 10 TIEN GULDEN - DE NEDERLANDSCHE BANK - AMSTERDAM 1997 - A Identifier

· · · · ·

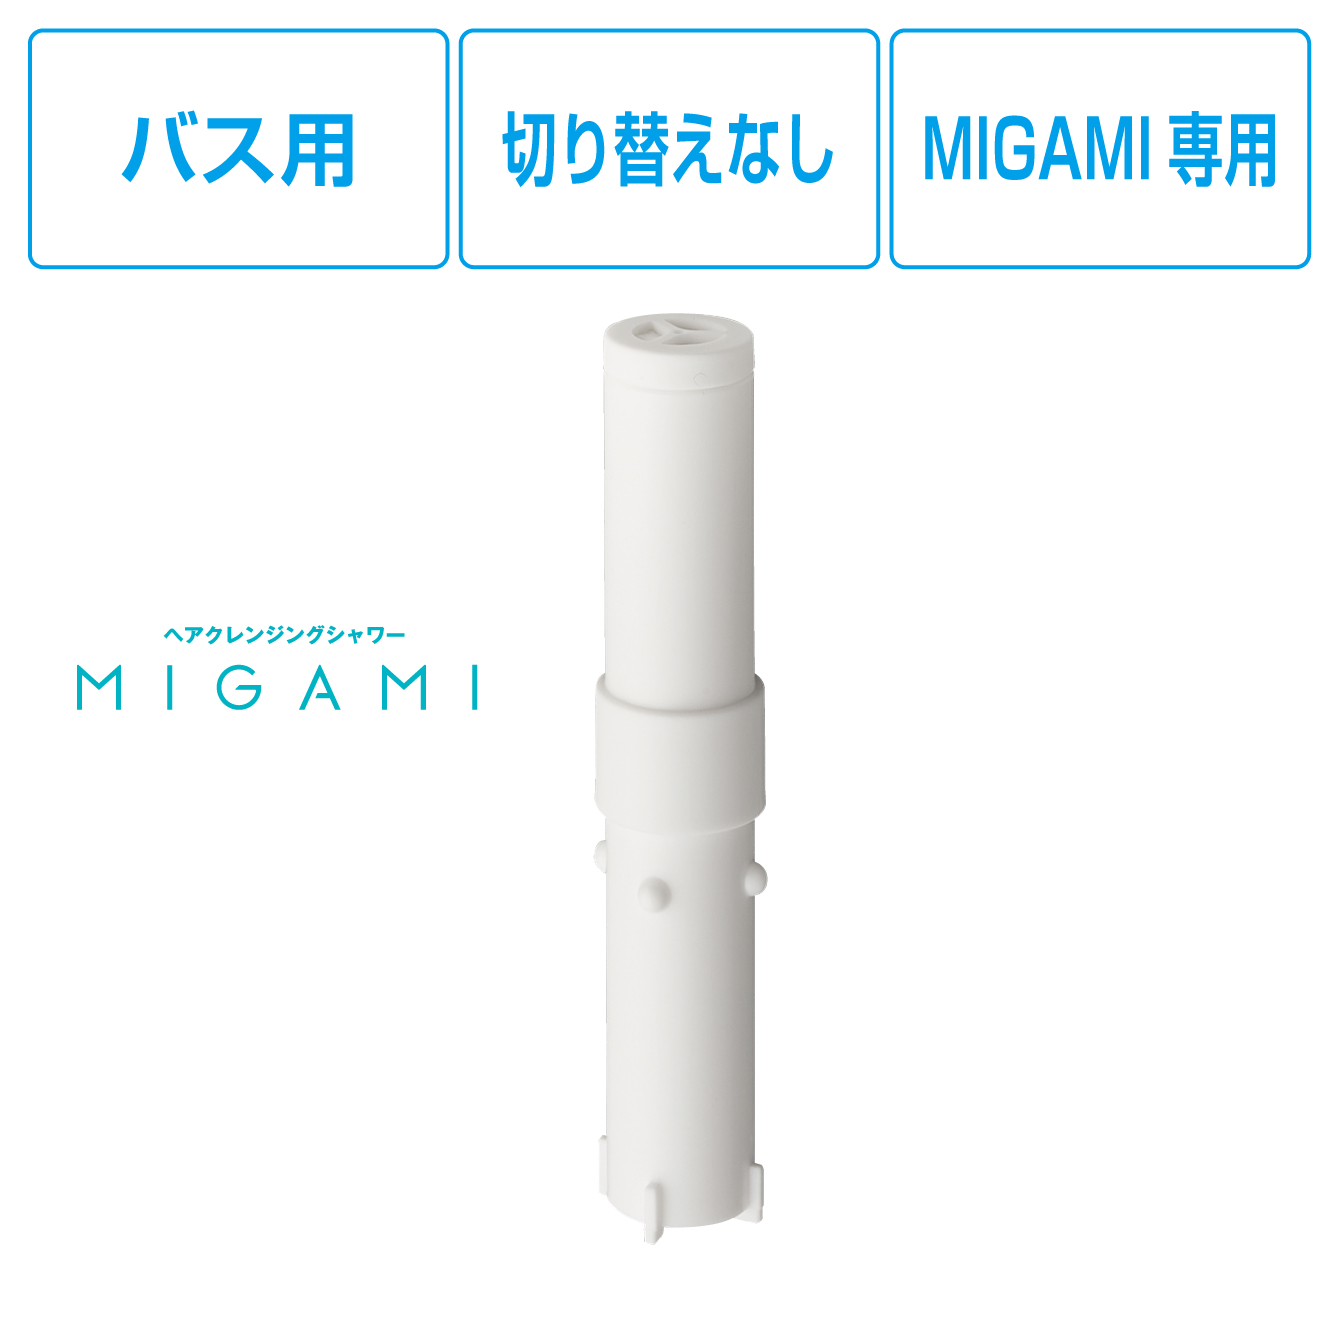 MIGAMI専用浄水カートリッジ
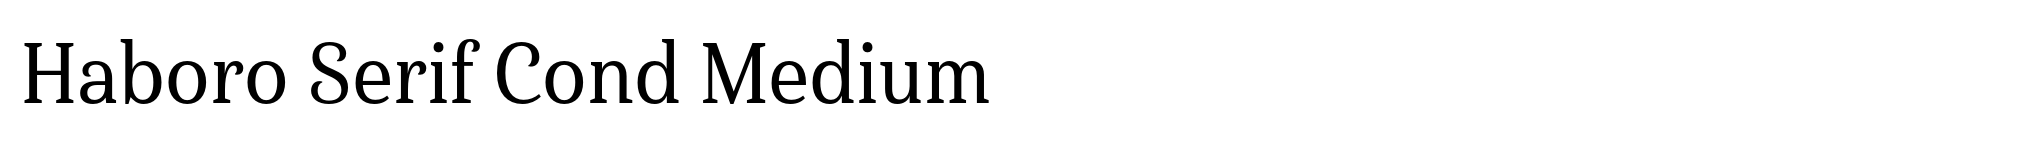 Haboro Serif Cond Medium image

· · · · ·

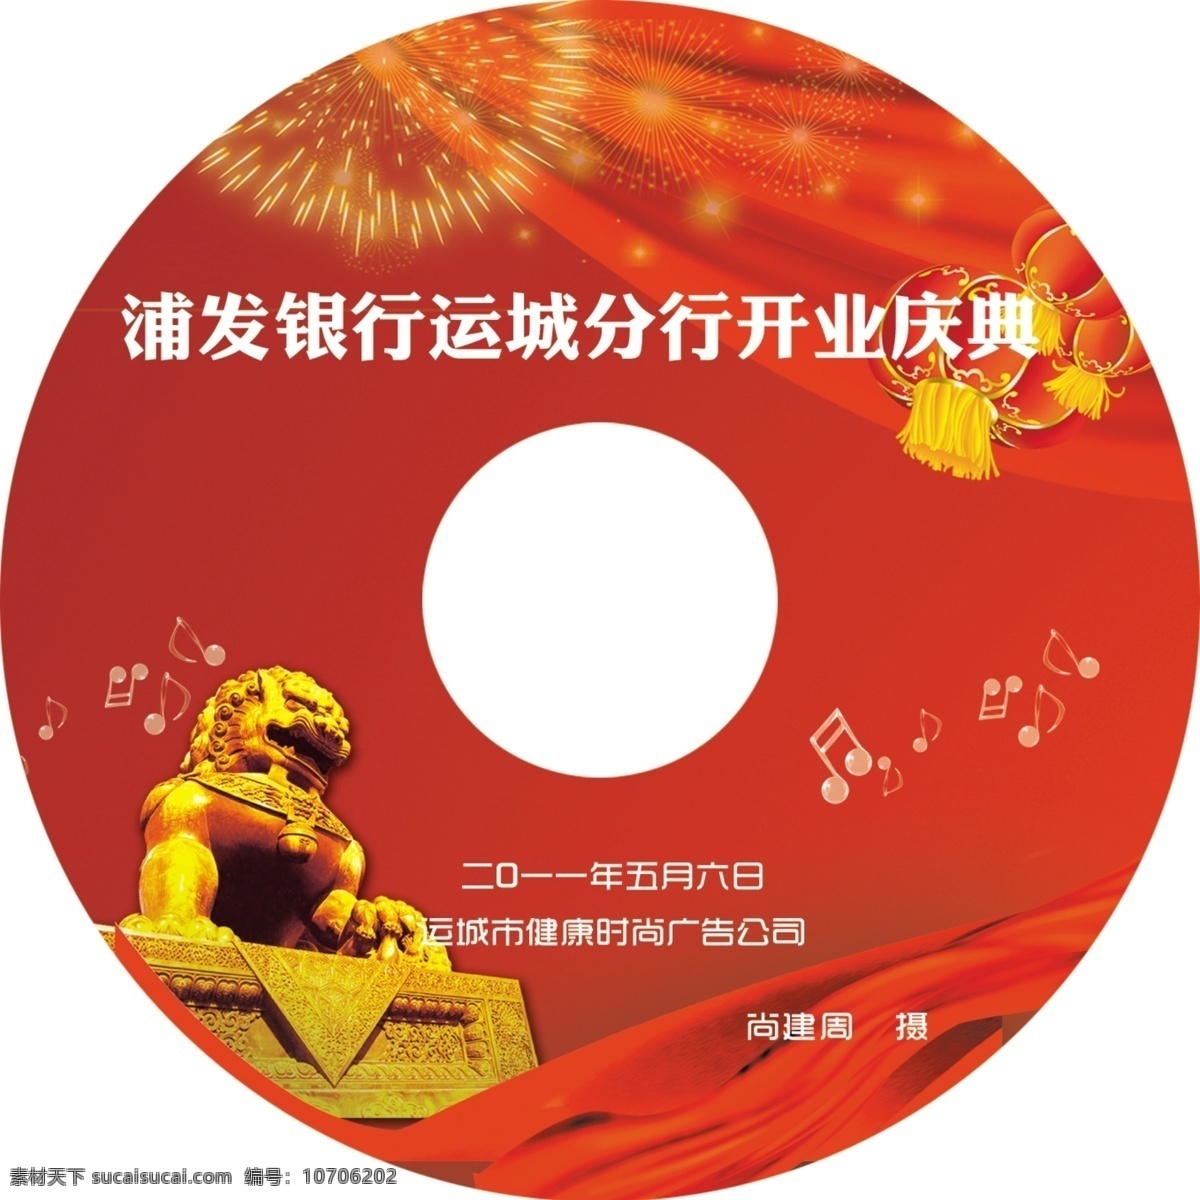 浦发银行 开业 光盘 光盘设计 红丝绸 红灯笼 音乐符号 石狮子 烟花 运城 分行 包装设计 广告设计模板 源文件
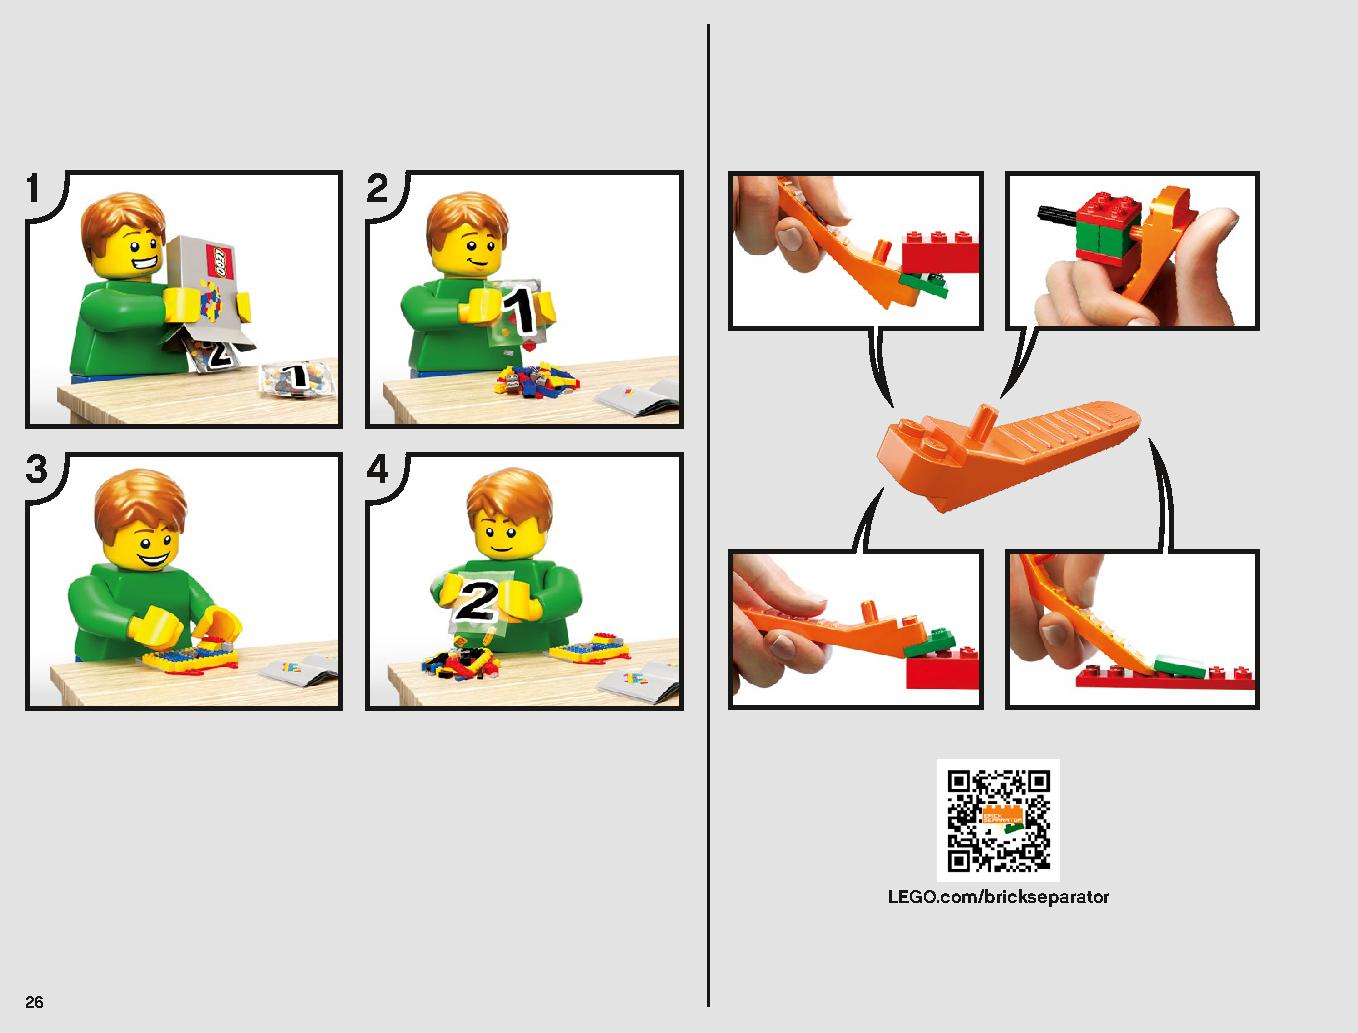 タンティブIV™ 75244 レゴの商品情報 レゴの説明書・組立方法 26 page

· · · · ·

§ To do
Copy out the lines above from the line containing "MIGAMI専用浄水カートリッジ" through the line containing "Haboro Serif Cond Medium image", exactly, and keep the pictures out.

§ Task solution
 MIGAMI専用浄水カートリッジ
 Haboro Serif Cond Medium image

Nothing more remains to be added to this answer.